Design and Build Data Pipelines: Develop scalable and efficient data pipelines for ingesting, transforming, and loading data from multiple sources, ensuring high data quality and timeliness.
Data Integration: Work with internal and external data sources, including APIs, financial data systems, and cloud-based data repositories.
Cloud Data Engineering: Utilize cloud technologies such as AWS, Azure, or Google Cloud to create flexible, cost-effective data storage and processing solutions. Experience with Snowflake or similar cloud data platforms is a plus.
Collaborate with Data Science and Analytics Teams: Work closely with data scientists and business analysts to understand data needs and ensure the availability of high-quality, clean, and relevant data for their work.
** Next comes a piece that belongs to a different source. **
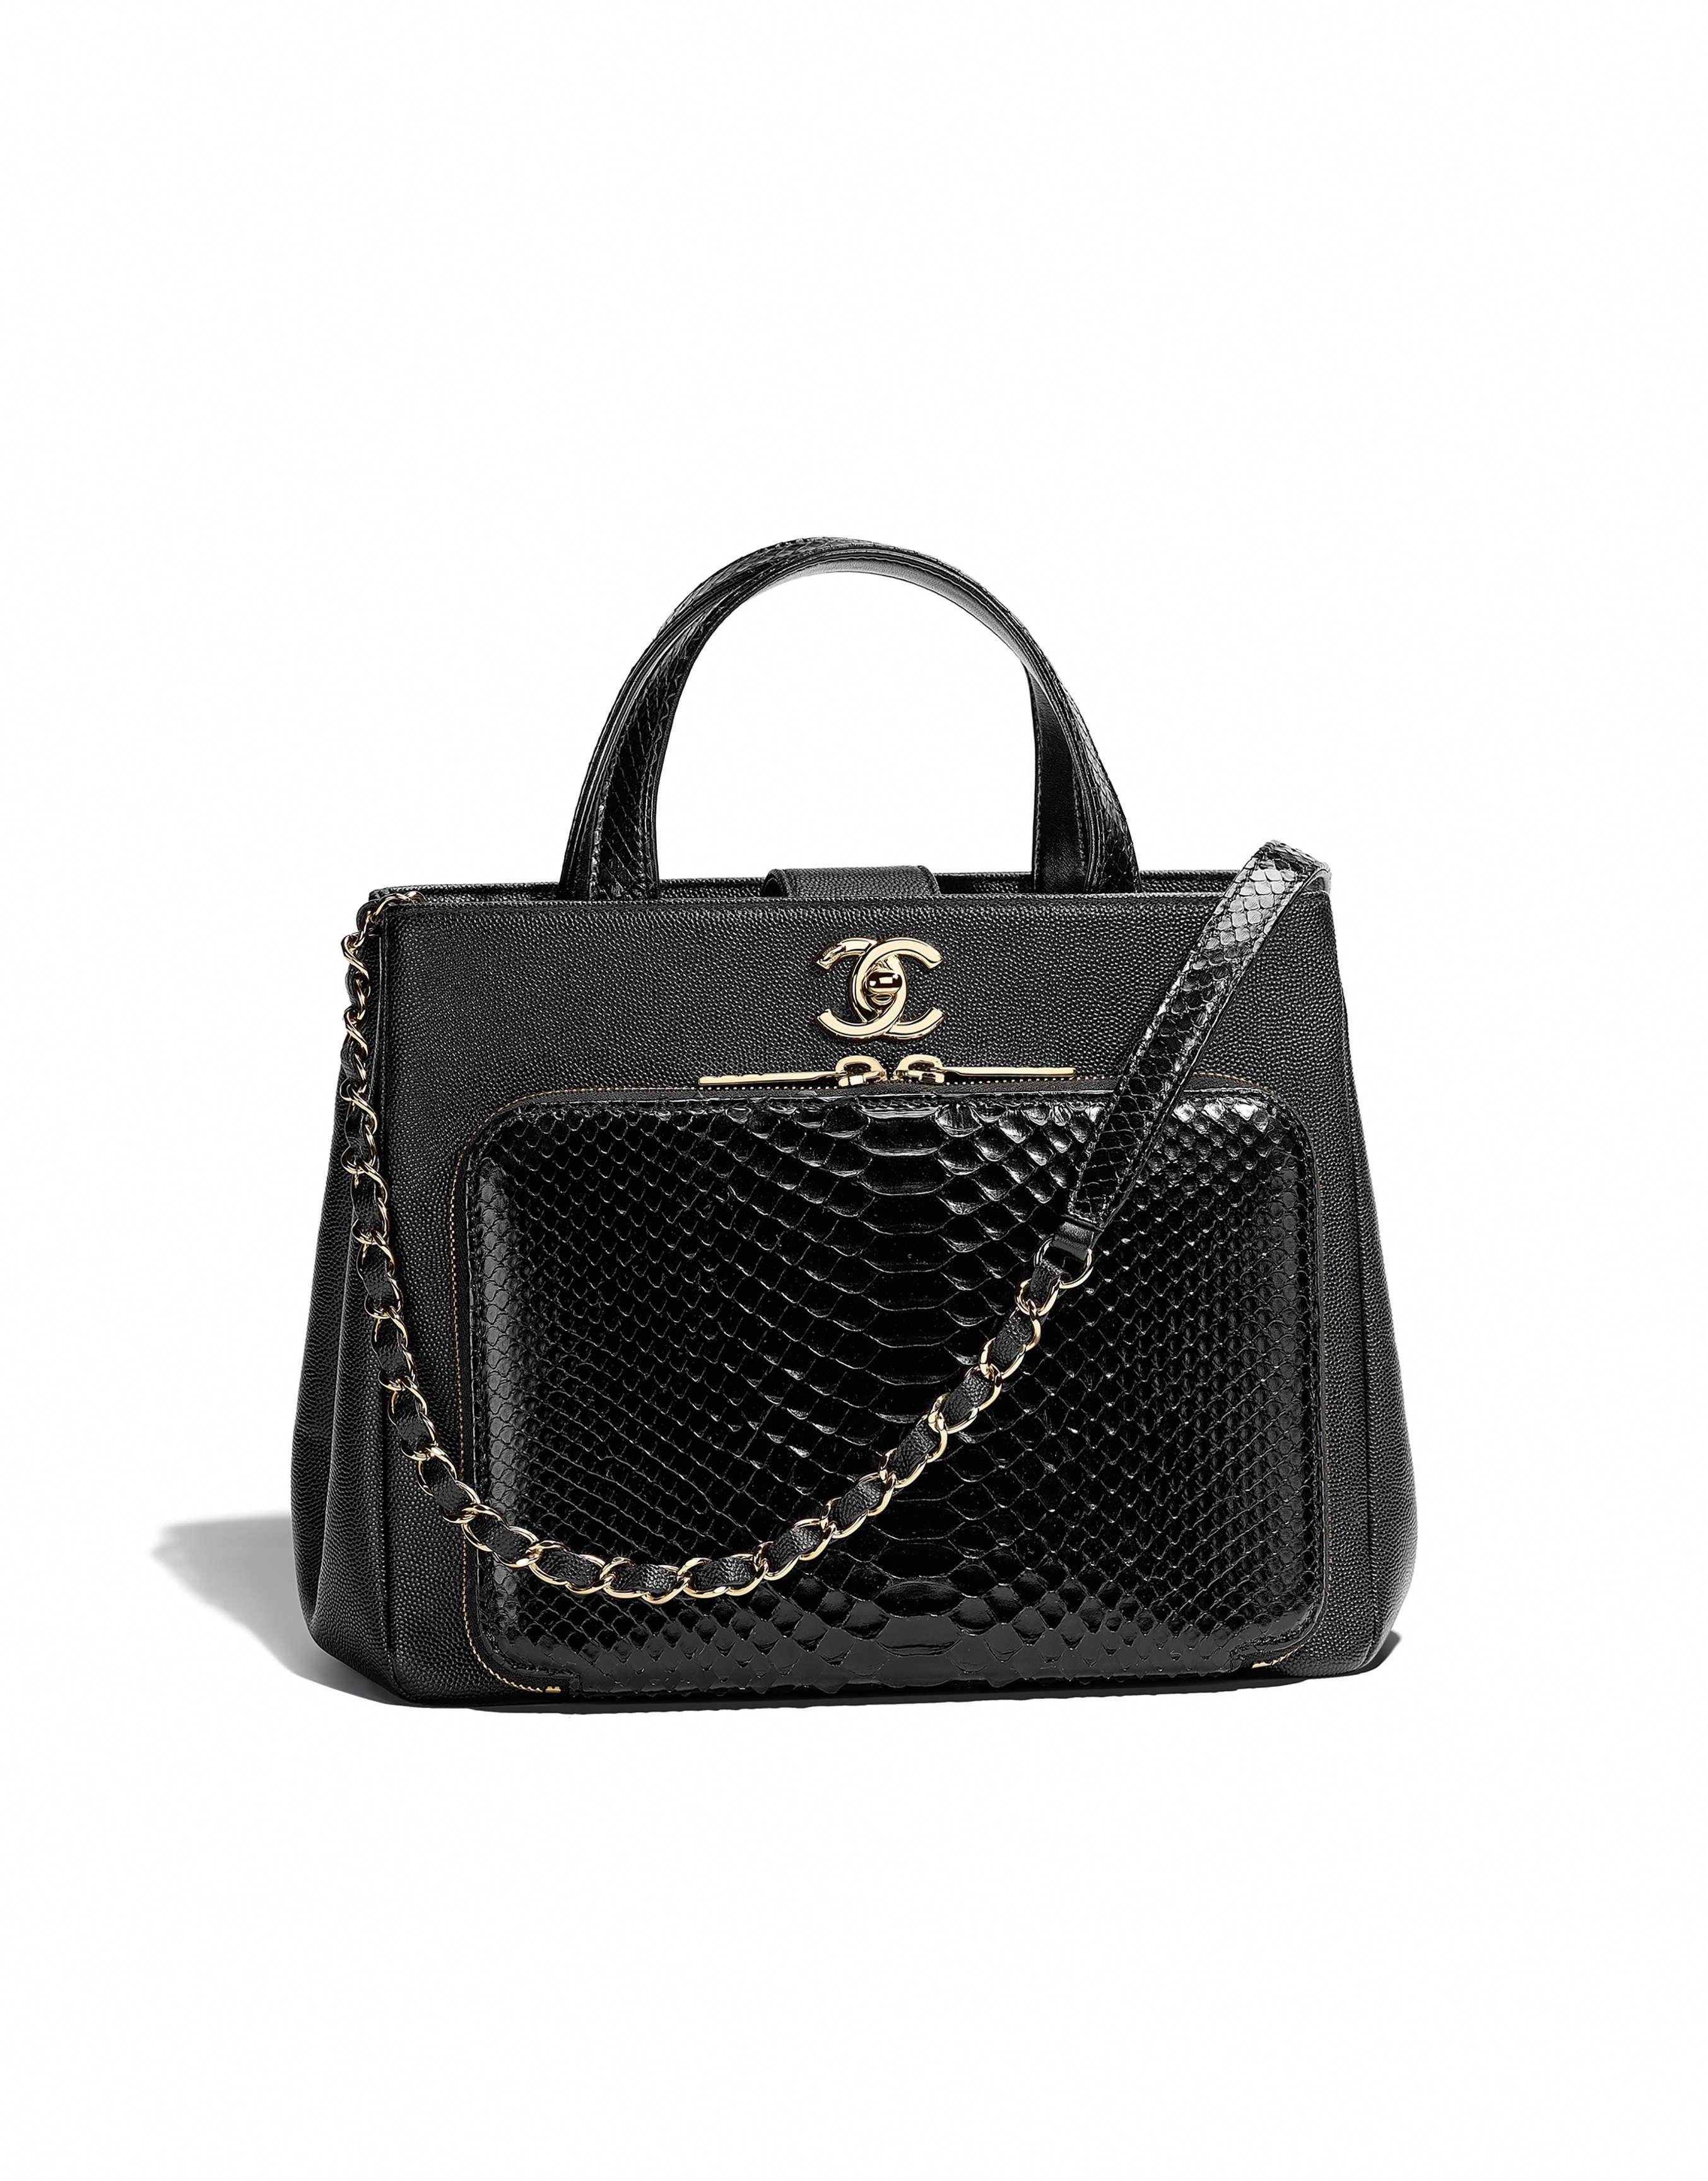 81211cbaaf2 SPRING-SUMMER 2018 - crumpled calfskin, pvc, resin   silver-tone  metal-turquoise  Chanelhandbags   Chanel handbags in 2018   Pinterest    Chanel handbags, ...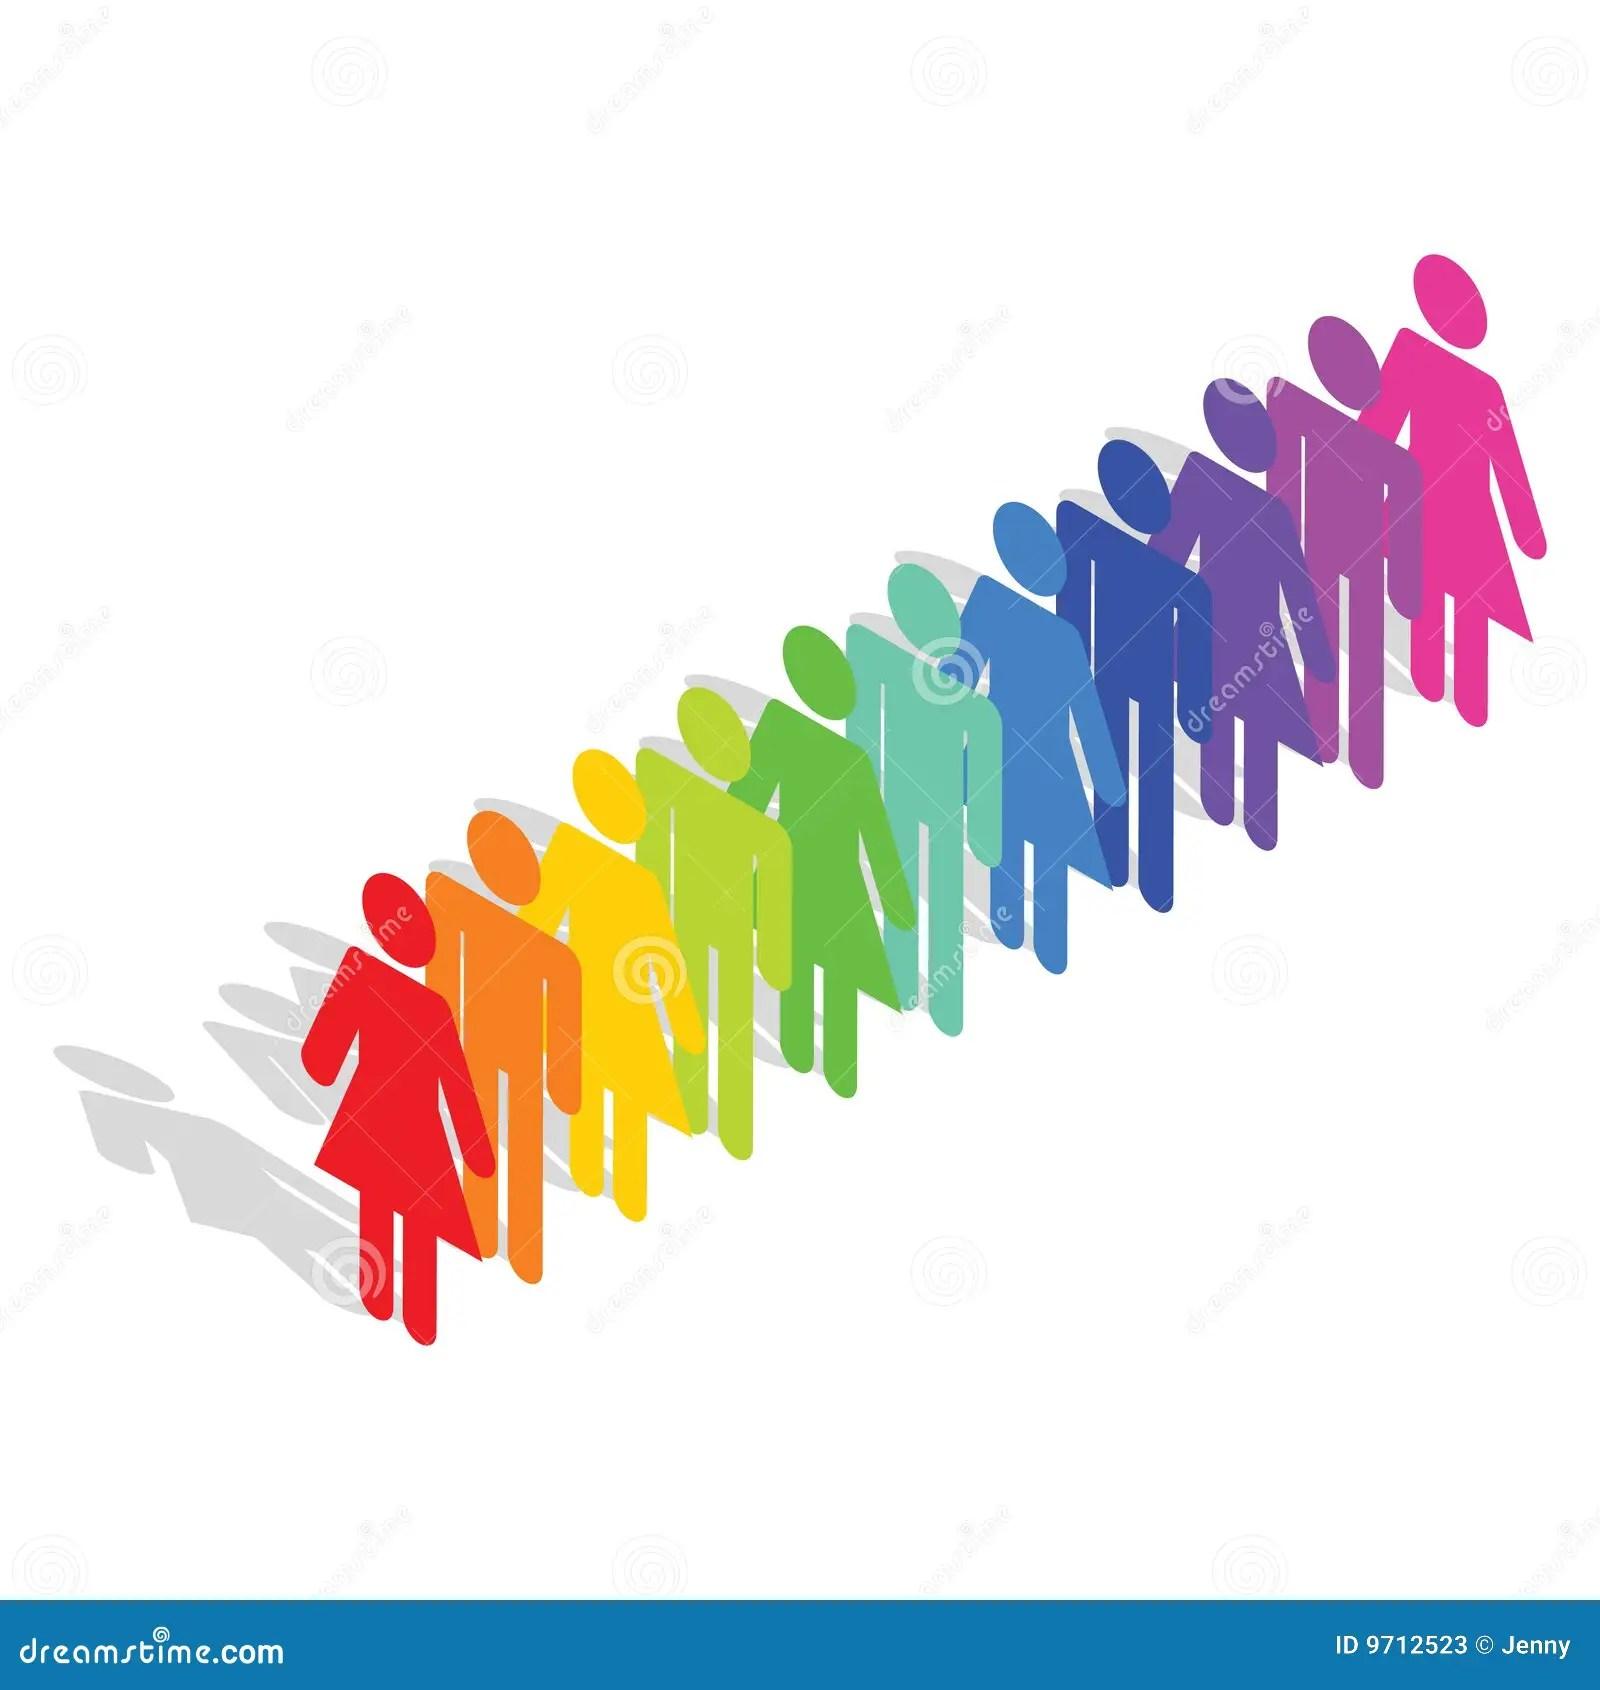 Diversity Stock Photos Image 9712523

Data Warehousing and Storage: Manage and optimize data storage solutions (including data lakes, warehouses, and databases) to ensure efficient data access and retrieval for financial analysis and reporting.
ETL Development: Design and maintain ETL workflows for the effective transformation of data into business insights. Ensure seamless integration between diverse data sources and business intelligence tools.
Monitoring and Maintenance: Ensure the smooth operation of data pipelines and data systems by setting up automated monitoring, performing regular maintenance, and troubleshooting issues as they arise.
Data Governance and Compliance: Apply best practices for data governance, ensuring compliance with data security regulations (e.g., GDPR) and maintaining data privacy standards for sensitive financial data.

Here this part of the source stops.